Due generazioni a confronto, ma soprattutto due generazioni che oggi intraprendono insieme lo stesso cammino verso il futuro.

Storie, design e passioni s’intrecciano in Maronese® per creare collezioni coordinate,
dedicate a tutti gli ambienti. Un nuovo punto di vista per esplorare idee e soluzioni in un inedito viaggio
nello stile e nella progettualità, verso una nuova idea di casa.
Oggi, la storia continua.
Maronese, azienda madre del Gruppo ATMA, si estende oggi su un’area di 48.000 mq.
I continui investimenti in ampliamenti strutturali, innovazioni tecnologiche e risorse umane sempre più specializzate hanno permesso di costruire negli anni un’identità solida ma dinamica allo stesso tempo. Il legame con il territorio e le persone, ma soprattutto il forte legame della famiglia Polesello sono il filo conduttore di questa lunga storia, che continua con successo dal 1966.

Dal 1984 Maronese fa parte del Gruppo ATMA e insieme alle altre aziende propone un arredamento completo per la casa.

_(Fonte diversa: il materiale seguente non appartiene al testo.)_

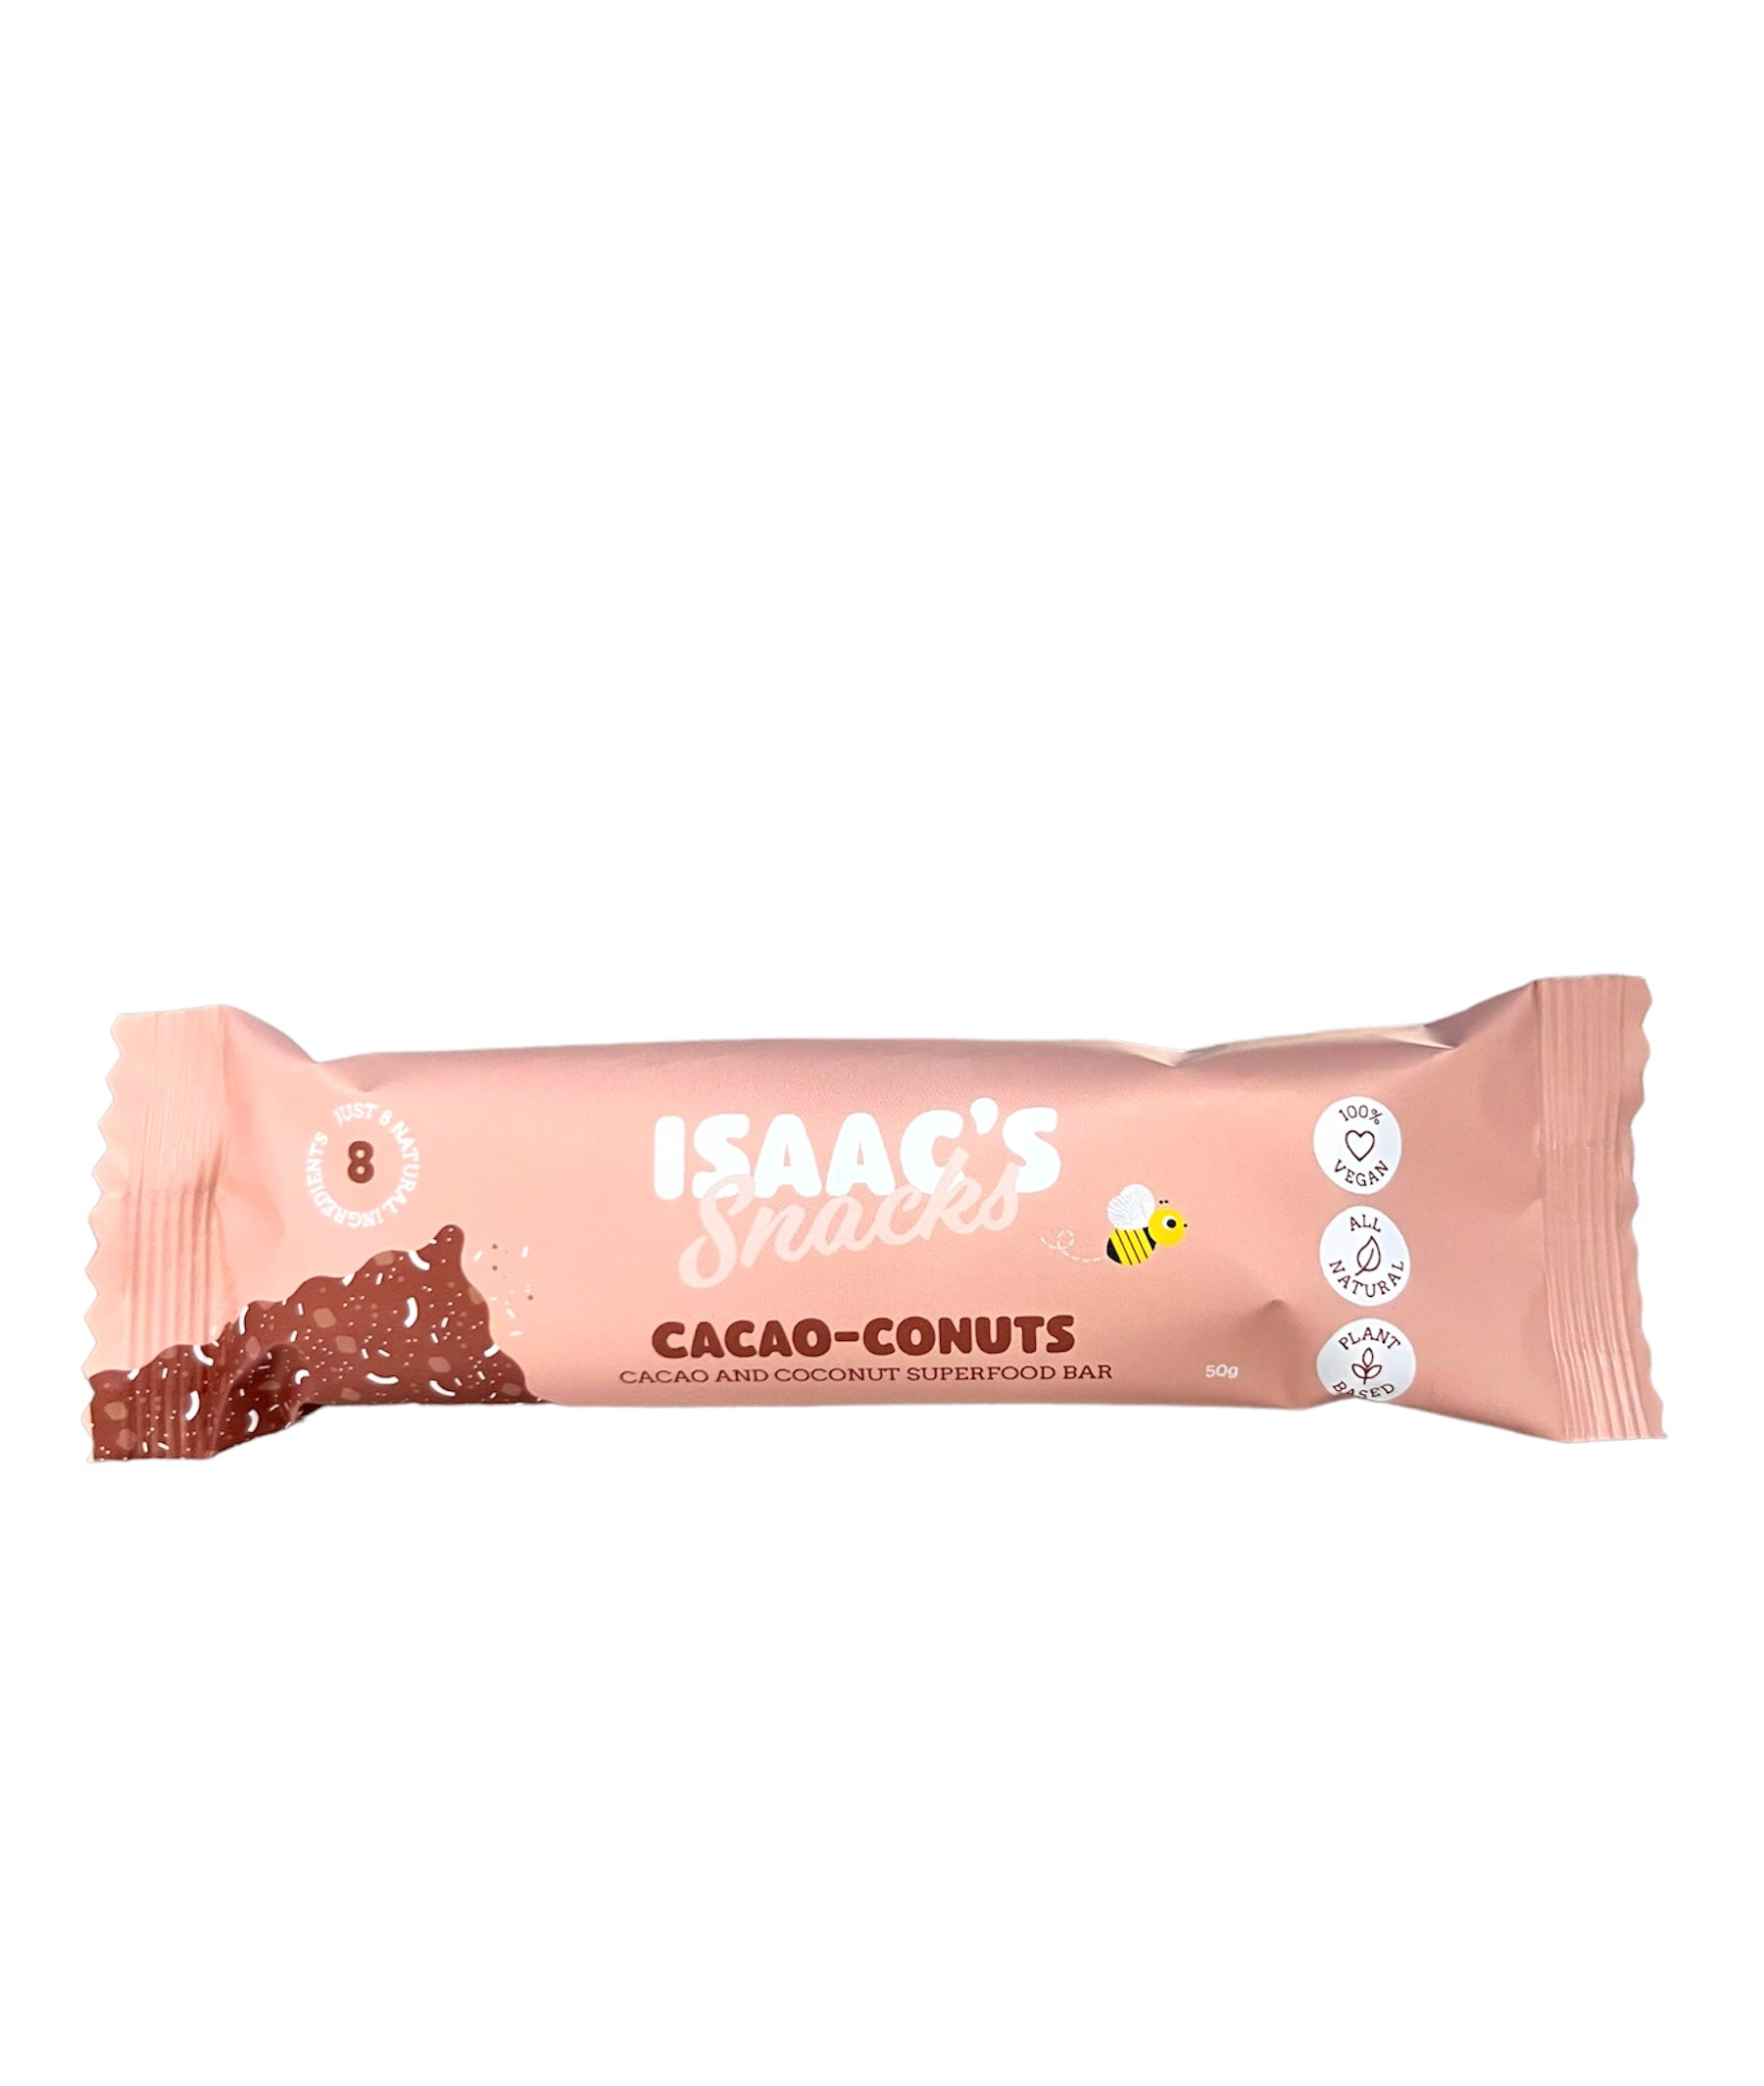 NEW Isaac's Snacks Cacao-Conuts Bar 50g

Il Gruppo ATMA comprende oggi 14 stabilimenti produttivi e impiega oltre 1.000 dipendenti: numeri importanti, che testimoniano ed evidenziano una concreta solidità, frutto di una grande storia e di una vera passione per il proprio lavoro.

Nel 2019, Maronese® si apre ufficialmente al mondo del contract,
dando vita a una nuova visione più internazionale e orientata ai progetti su misura.
L’azienda amplia competenze, servizi e strutture dedicate, affiancando studi di architettura
e imprese in soluzioni integrate per i settori residenziale e hospitality.

1966
Il girasole
L’artista Genesio
De Gottardo crea la prima
versione del logo.

1984
Maronese + Gruppo
Il simbolo del Gruppo ATMA
viene affiancato al logotipo
di Maronese.

1988
Restyling
Il nuovo logo del Gruppo ATMA affianca il logotipo originario
di Maronese.

1995
Lettera M
All’interno del simbolo del
Gruppo ATMA compare la lettera M di Maronese.

2014
Maronese + ACF
Maronese diventa
MARONESES ACF nel nome
e nel nuovo logo.

2025
Maronese è Casa
Progettare mobili capaci d’interpretare l’evoluzione degli spazi e le abitudini di chi li vive.


2025
Maronese® rinnova completamente le proprie composizioni nello showroom Poma e avvia un percorso di ridefinizione del brand in vista del 60° anniversario. Dopo gli anni come Maronese ACF®, l’azienda torna al nome originario Maronese®, presentando un’identità aggiornata, un nuovo logo e il payoff “Maronese è Casa”.